Ferroglobe PLC (GSM) reports a 15% increase in total sales and significant progress in strategic initiatives despite facing market headwinds.

Summary
  • Total Sales: $451 million, up 15% from the prior quarter.
  • Adjusted EBITDA: $58 million, up from $26 million in the prior quarter.
  • Operating Cash Flow: $2 million.
  • Free Cash Flow: Negative $20 million.
  • Silicon Metal Revenue: $204 million, up 22% from the prior year quarter.
  • Silicon Metal Shipments: Increased 18.2% to almost 63,000 tons.

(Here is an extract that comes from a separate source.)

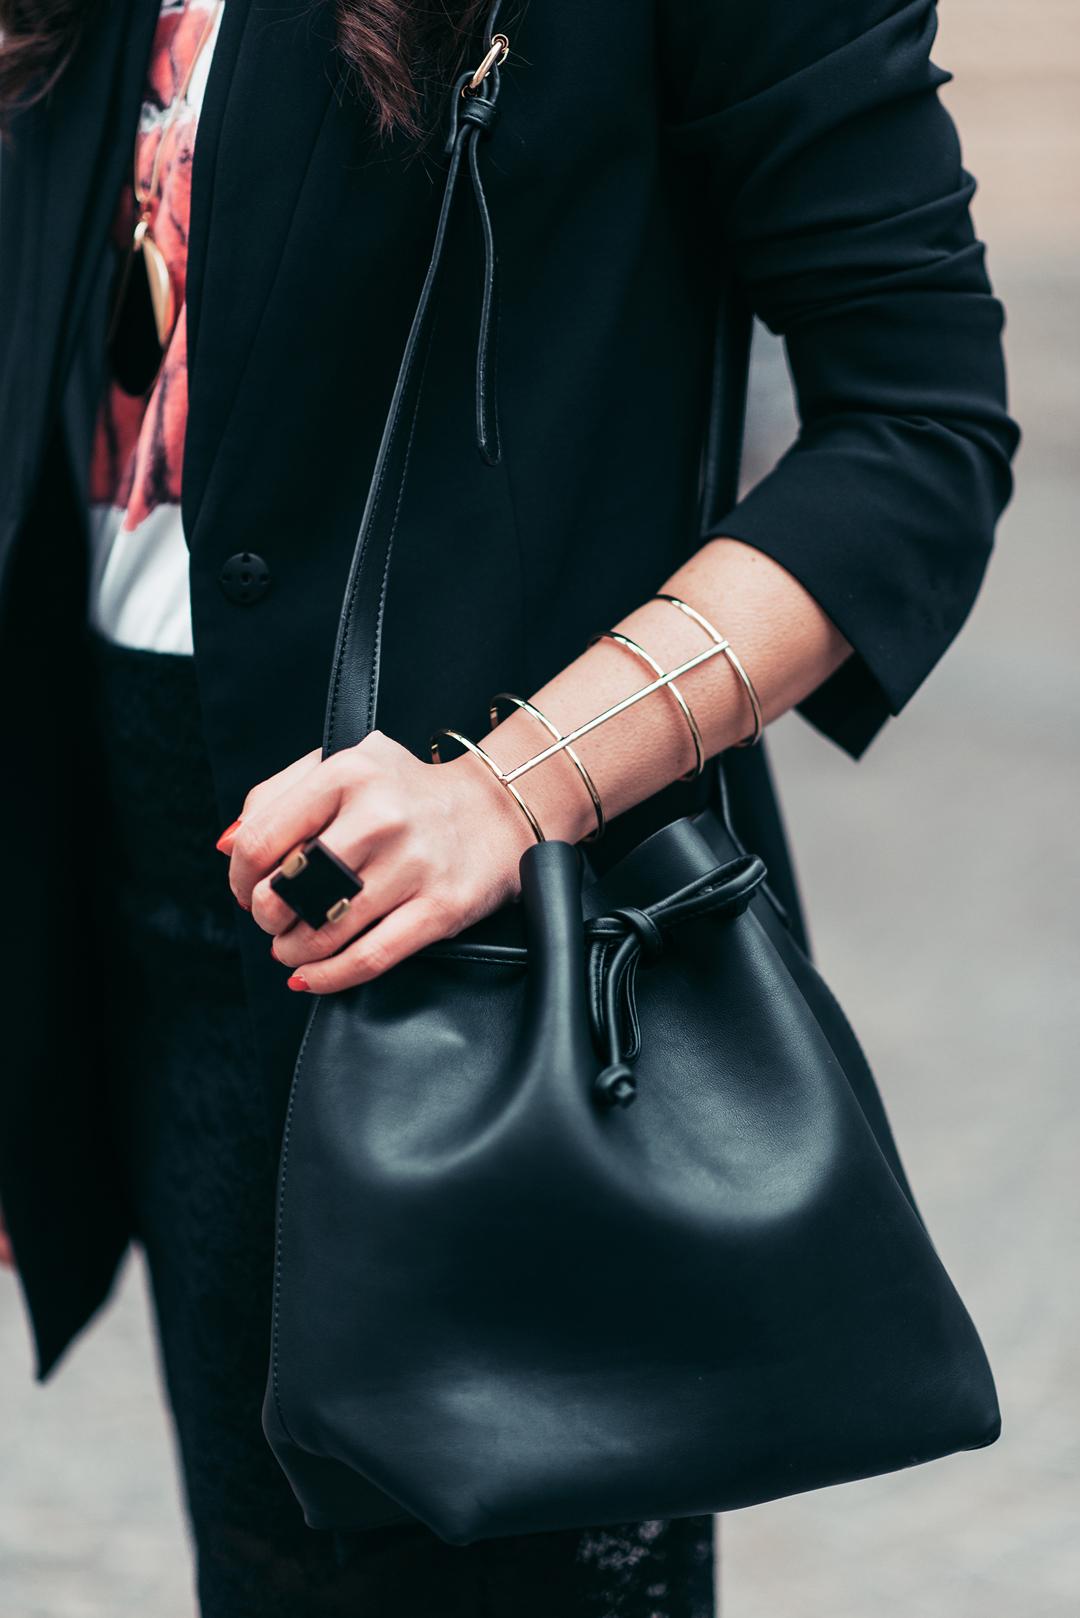 eva-ahacevcic_love-eva_ootd_six-accessories_zara-skirt_blazer_parfois-shoes_style_fashion-12

  • Silicon Metal Adjusted EBITDA: $35 million, up 115% over the prior year quarter.
  • Silicon-Based Alloys Revenue: $105 million, down 6% from the prior year quarter.
  • Silicon-Based Alloys Adjusted EBITDA: $10 million, down 29% from the first quarter.
  • Manganese-Based Alloys Revenue: $98 million, up 48% from the prior quarter.
  • Manganese-Based Alloys Shipments: Increased 31% from the prior quarter.
  • Manganese-Based Alloys Adjusted EBITDA: $14 million, up from $6 million in the first quarter.
  • Adjusted EBITDA Margin: Increased from 7% in the first quarter to 13% in the second quarter.
  • Cash Balance: $144 million, down from $160 million in the first quarter.
  • Gross Debt: $81 million.
  • Quarterly Dividend: $0.013 per share.
  • Share Buyback Program: Authorization to repurchase up to 37.8 million shares over a five-year period.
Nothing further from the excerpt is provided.